* _The task_:
Extract only the first line of the listing and every line after it up to and including the one with "Der türkische Präsident". Omit the pictures.

* _Given material_:
* * *

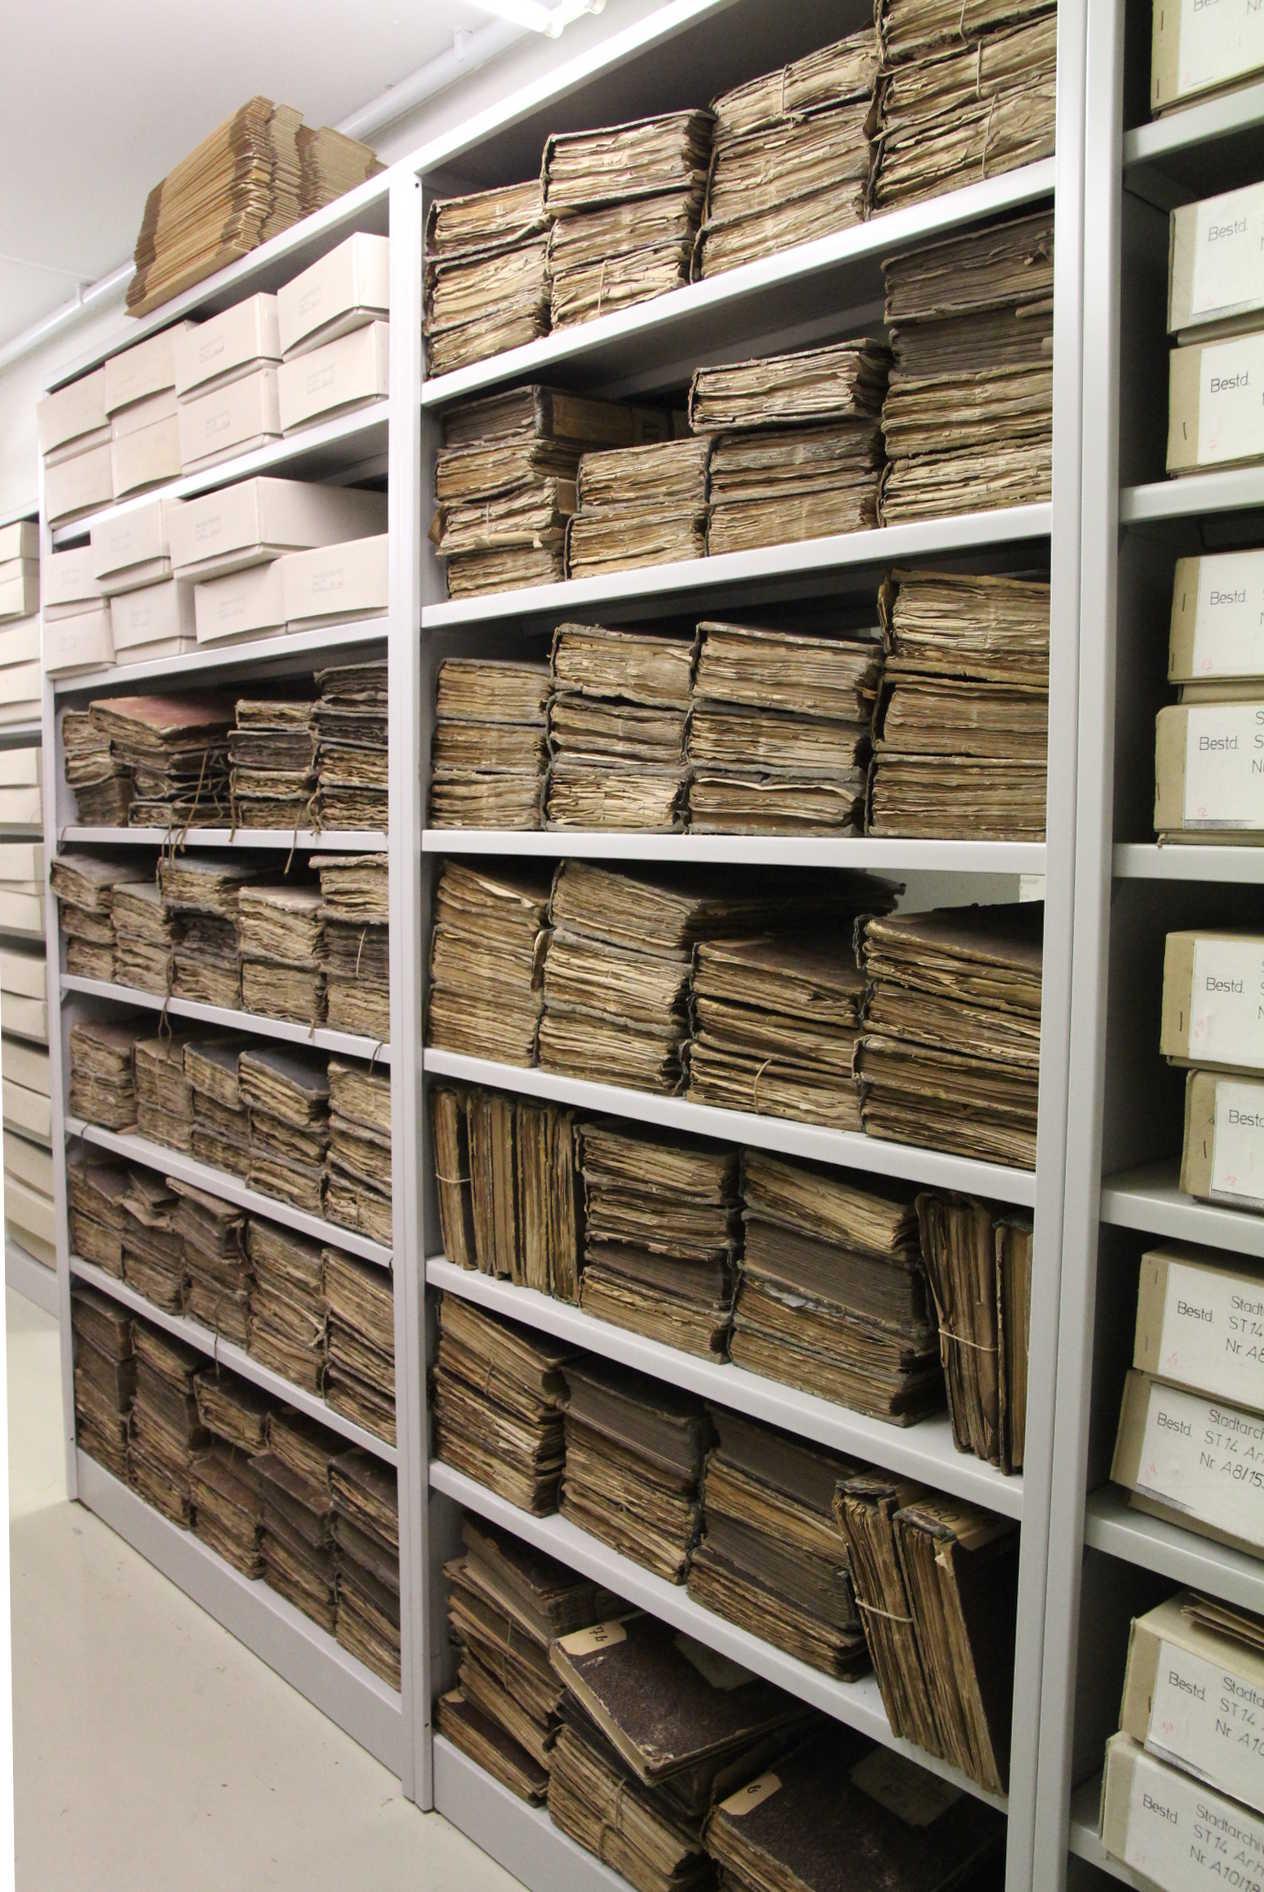 Der Bestand zu Bessungen besteht zu einem Großteil aus Amtsbüchern, die momentan noch unverpackt im Regal gelagert werden.
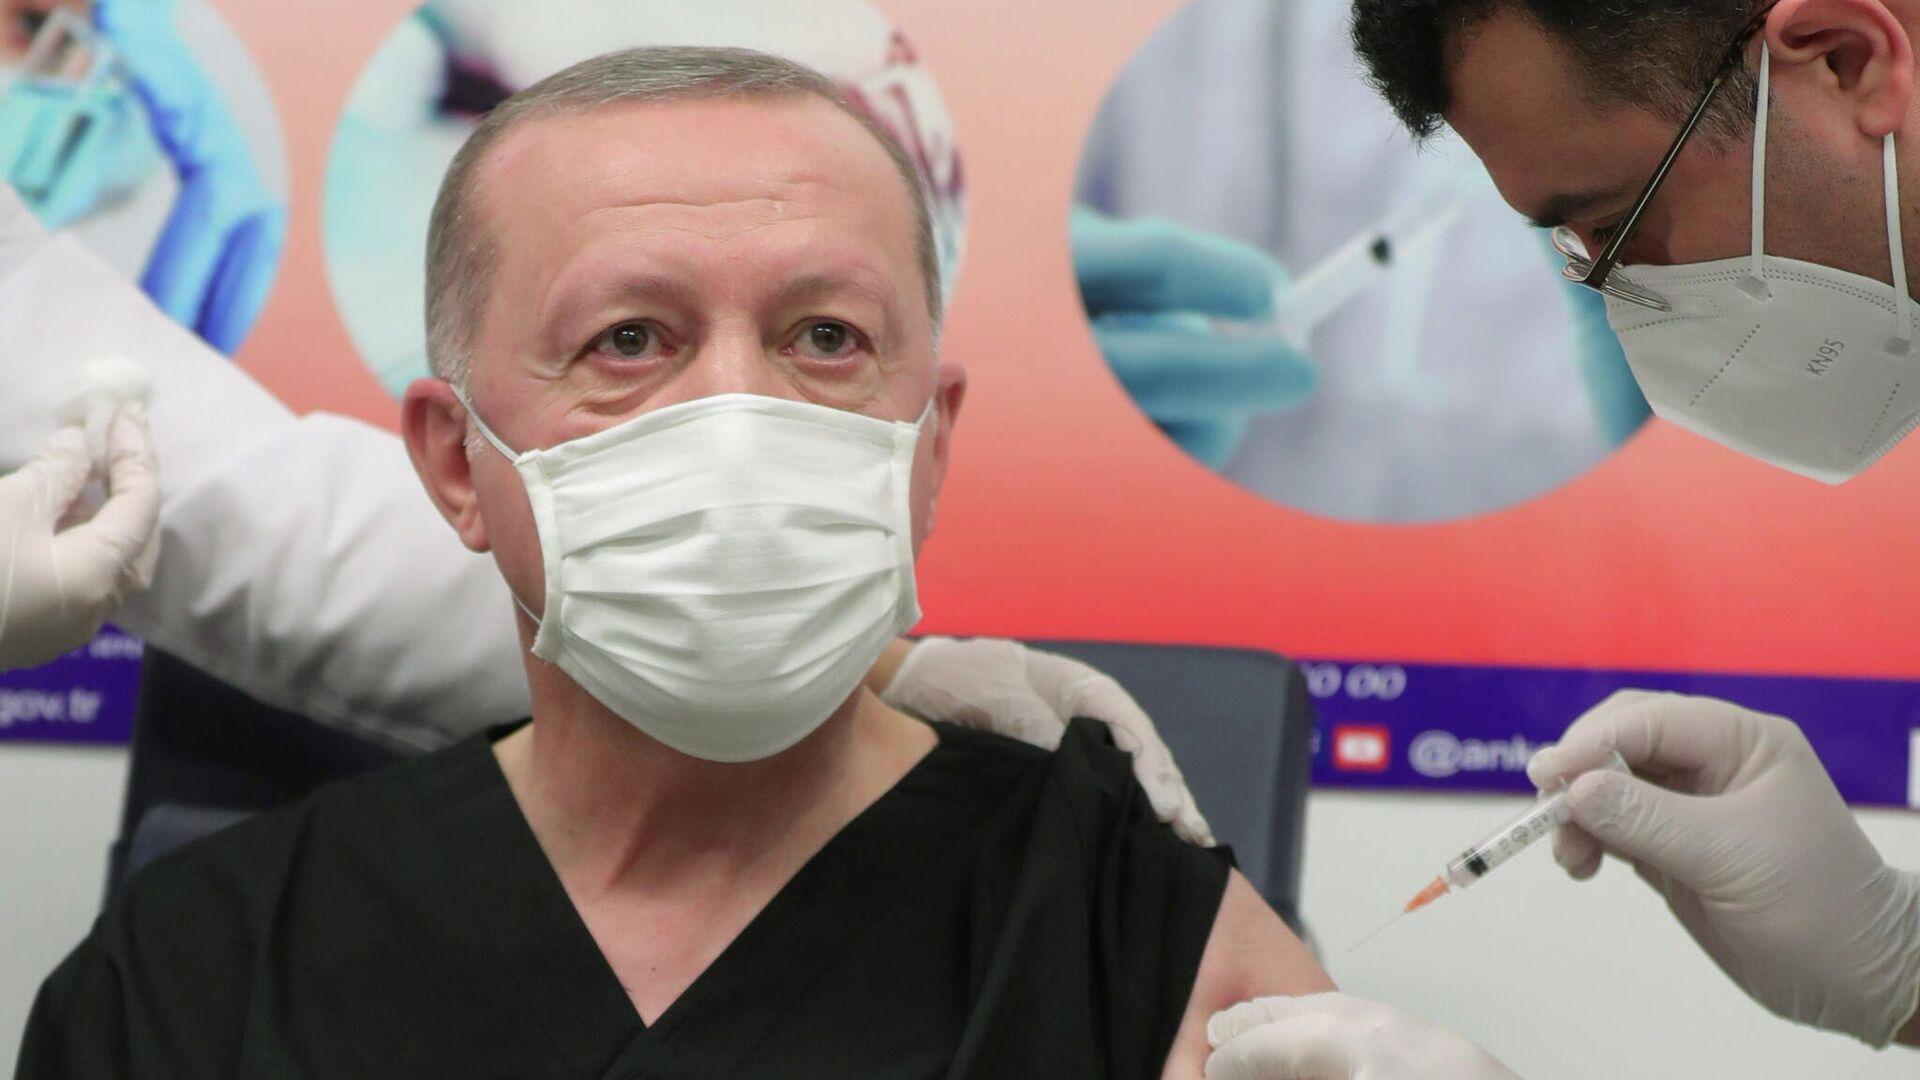 Der türkische Präsident Tayyip Erdogan mit dem Corona-Impfstoff CoronaVac geimpft  - SNA, 1920, 14.01.2021
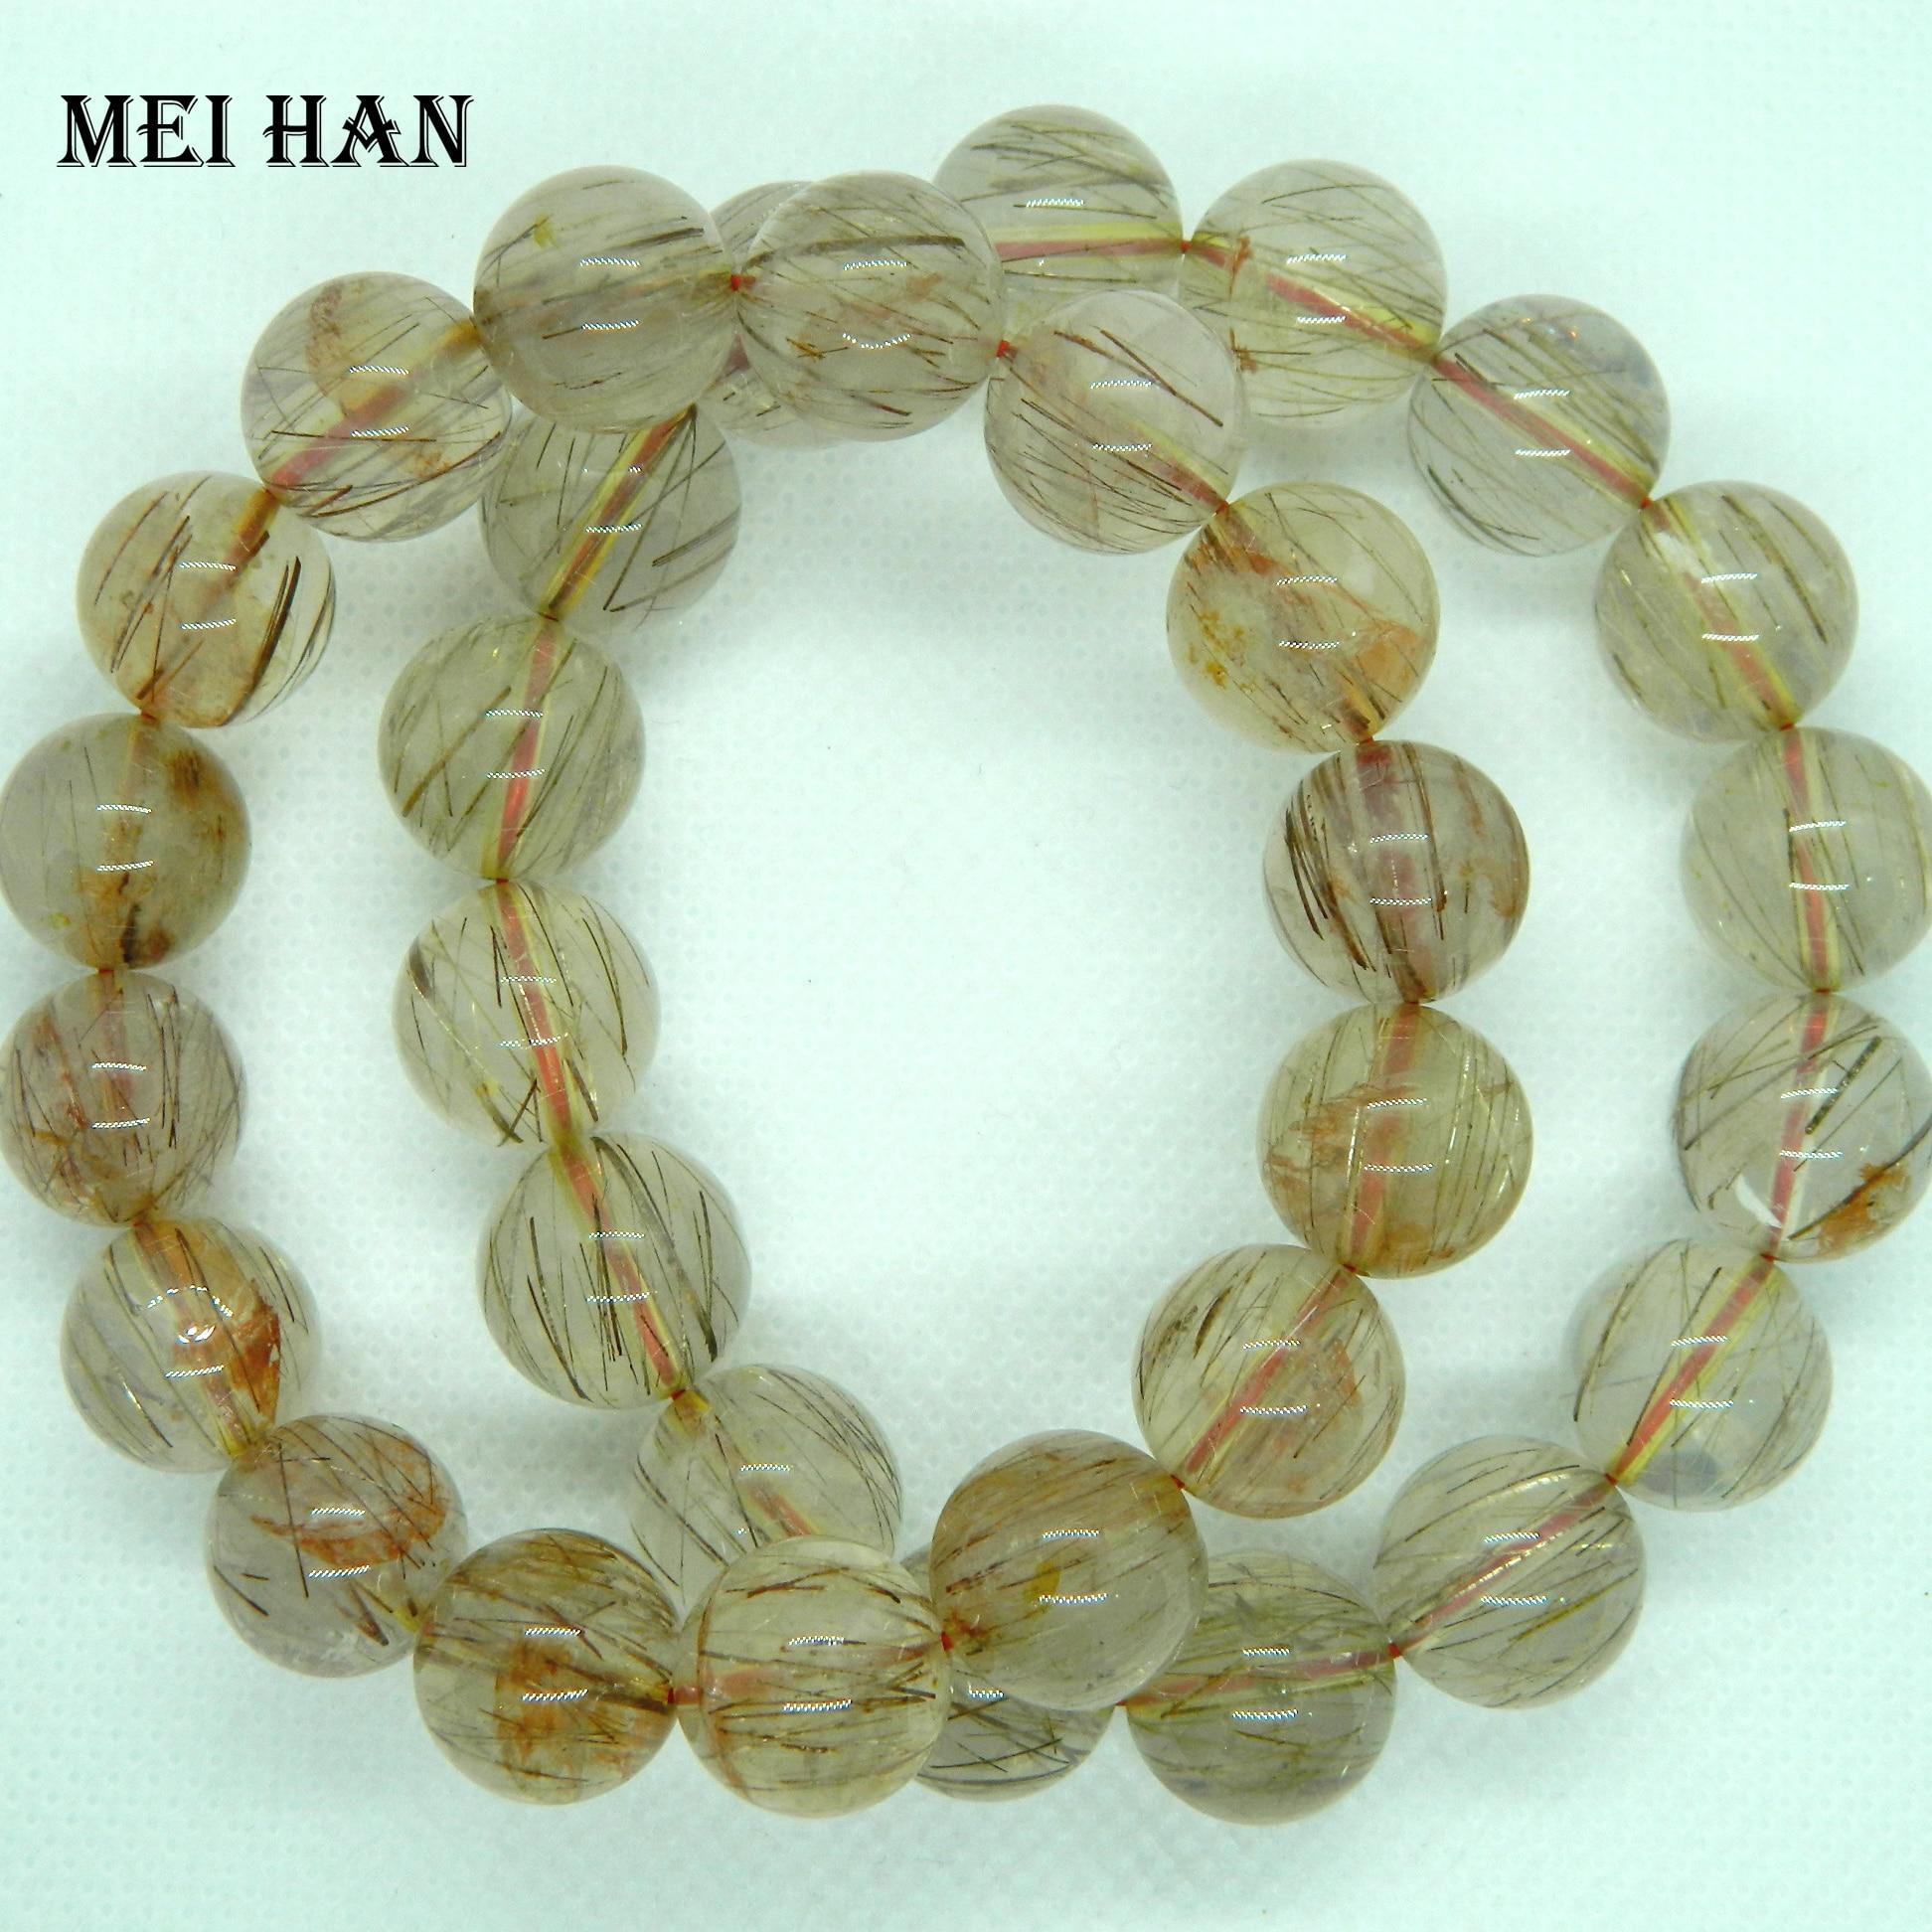 Meihan 자연 편도 루틸 쿼츠 13 13.5mm (30 beads/lot/95g) 쥬얼리 diy 여성용 팔찌 남성용 팔찌구슬쥬얼리 및 액세서리 -

* * *

* _Answer space_:
 Der Bestand zu Bessungen besteht zu einem Großteil aus Amtsbüchern, die momentan noch unverpackt im Regal gelagert werden.
 Der türkische Präsident Tayyip Erdogan mit dem Corona-Impfstoff CoronaVac geimpft  - SNA, 1920, 14.01.2021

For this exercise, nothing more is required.